When the telephone service was taken into full public ownership under the Post Office (GPO) in 1912, it was time for a standardised design. The K1 (‘k’ for kiosk) was born, but was never able to win hearts. By 1923, competing designs were presented and, although none were accepted, the Royal Fine Arts Commission held a design competition in the following year. Three famous architects – Sir John Burnet, Sir Robert Lorimer and Giles Gilbert Scott – were invited to participate. Scott’s design with moulded columns, back-lit rectangular sign and a royal crown above was selected. Britain’s second standardized kiosk, K2, was too large and expensive for general use, yet still sparked our national obsession. Tweaked designs followed but the GPO still couldn’t settle on a truly universal design.

Luckily, George V’s Silver Jubilee in 1935 provided a high-profile opportunity to remedy this. Scott’s K6, known as the Jubilee kiosk, would become ubiquitous thanks to the Jubilee Concession Scheme, which provided a phonebox for every town and village that had a post office – more than 1,000 were installed across Britain.
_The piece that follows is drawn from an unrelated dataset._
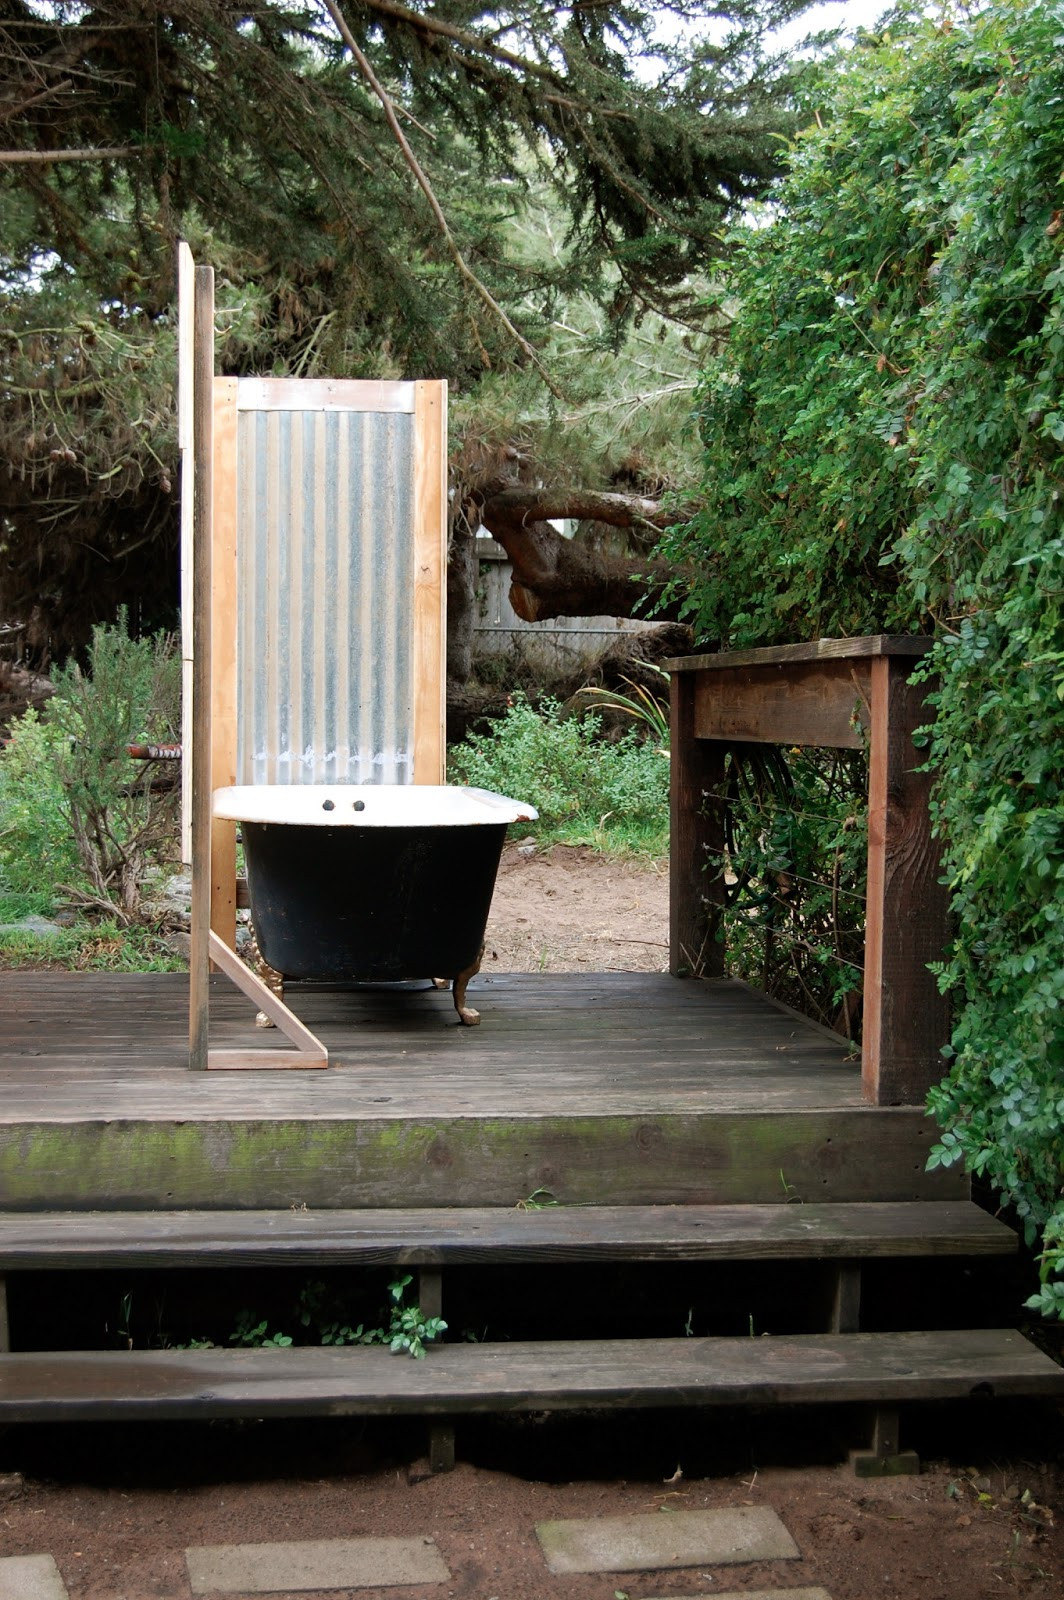 DIY Outdoor Soaking Tub
 Book Movie Nerd private outdoor BATHtub DIY style

Yet, at first, the K6 still wasn’t entirely embraced and the colour proved an issue. When the question was raised in the House of Lords in 1947, the Postmaster General gathered the Royal Fine Arts Commission and various councils together to examine six kiosks painted different colours and settle the matter once and for all. The verdict? The boxes would be Post Office red. The red box became part of the national sense of identity for decades. By the turn of the 21st century, mobile technology fundamentally changed the public’s relationship with telephones, yet Scott’s design lives on in the national consciousness and our nostalgia for an earlier iteration of Great Britain. Indeed, in many places, these landmarks have found second lives as tiny cafés, shops and libraries, and as enduring testament to the power of good design.